Tentative Proposals re Governmental Support for the Commission’s Restraint Program
(1) Government Expenditure, Taxation and Borrowing.
If meaningful co-operation is to be expected from private groups in a broad program of price and income restraint, they must be convinced that governments at all levels are prepared to lead the way by demonstrating firm restraint with respect to increases in their own spending programs, lending to the private sector and demands on the capital market. Governments should consider, therefore, how far they might be prepared to go in giving public undertakings to observe self-imposed limits in these areas of their financial operations during the 1970 calendar or fiscal year. It would also be helpful if governments were to make it clear that further increases in taxes might well be forthcoming if current efforts to restrain price and income increases fail to achieve sufficiently marked progress during the months ahead.

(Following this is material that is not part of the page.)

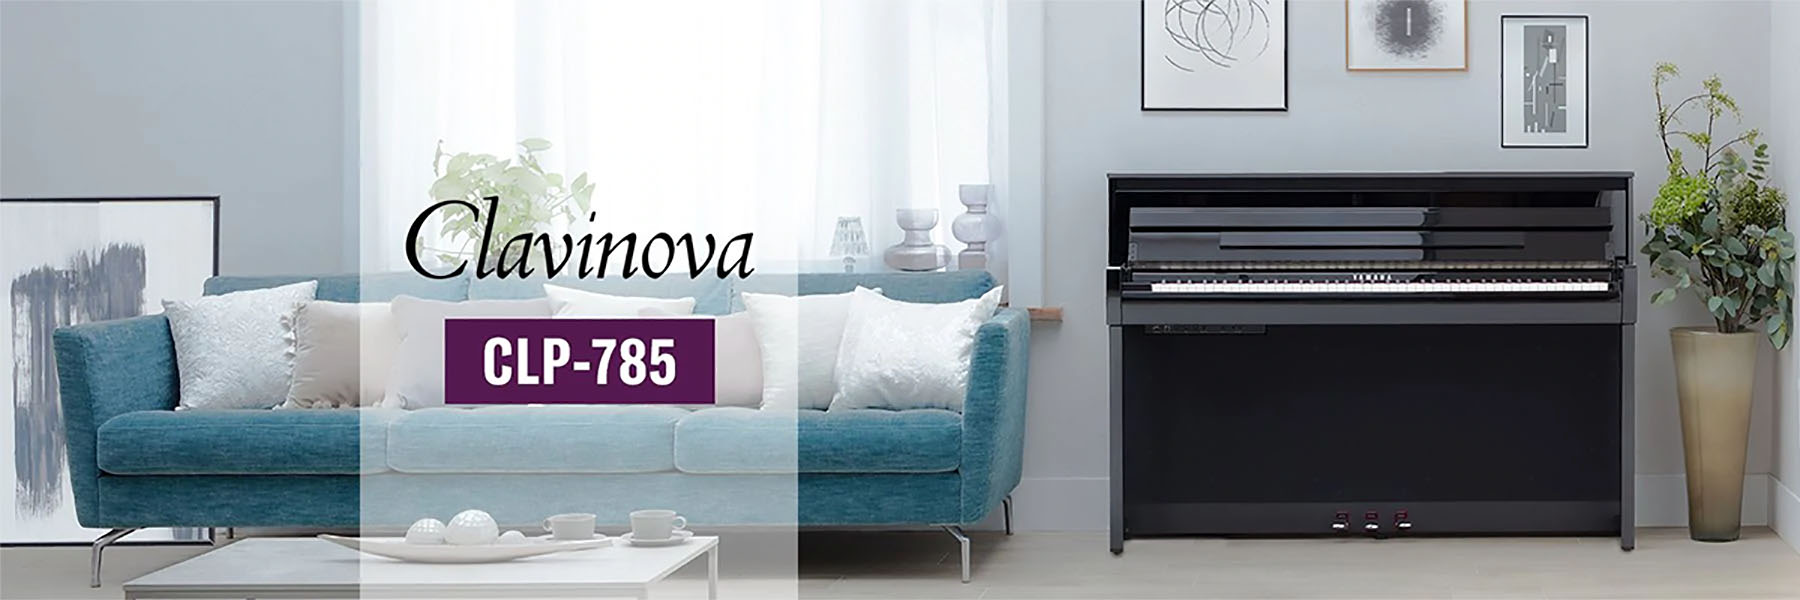 Yamaha CLP-785 Digital Piano

(2) Price Increases in the Public Sector.
Private business enterprises are being asked to ensure that any increases in their prices during 1970 are less than needed to cover increases in unit costs and do not [Page 2] provide for any increase in profit margins per unit. Clearly it will be necessary for the federal and provincial governments to ensure that the enterprises they own or regulate observe similar criteria in the pricing of the goods and services they sell. Nothing would be more damaging to the credibility of the whole exercise than a large price increase announced by a public enterprise which was not aware of the criteria it was expected to observe. In cases where governments are attempting to recapture through increased charges a larger proportion of the cost of services provided to the public, progress in this direction during 1970 should be limited to the recouping of current cost increases.
(3) Rent Review Boards.
It would be very helpful if wage and salary earners could be shown that governments were prepared to take action to restrain unwarranted rent increases. Provincial governments should consider how far they might be prepared to go in taking the necessary legislative and administrative action to set up at least a limited form of review procedure to screen rent increases. It may be that useful steps could be taken in this direction without creating a large bureaucracy and with a minimum of adverse effects on the construction of new rental accommodation. In most provinces such action would require the passage of enabling legislation as a matter of priority in their legislative programs between now and the summer months — the period during which most leases expire or come up for renewal. One possibility would be to [Page 3] establish rent review boards in major urban centers to examine rent increases on existing self-contained rental housing accommodation. This would avoid the complications which arise in the case of shared accommodation such as rooming houses, and concentrate on existing housing where the opportunity is greatest to raise rents beyond the level needed to cover cost increases. Rent increases might be regarded as justified to the extent that they covered increases in major operating costs such as municipal taxes and maintenance expenses. Landlords would not be permitted, however, simply to raise rents to match the levels established for newly completed housing. Provincial governments would have to consider whether such review boards should be administered at the provincial or at the local level. They would also have to consider whether the sanction in case of excessive rent increases would be limited to an adverse public finding against the landlord or would also guarantee the tenant the right of continued occupancy.
(4) Professional Fees.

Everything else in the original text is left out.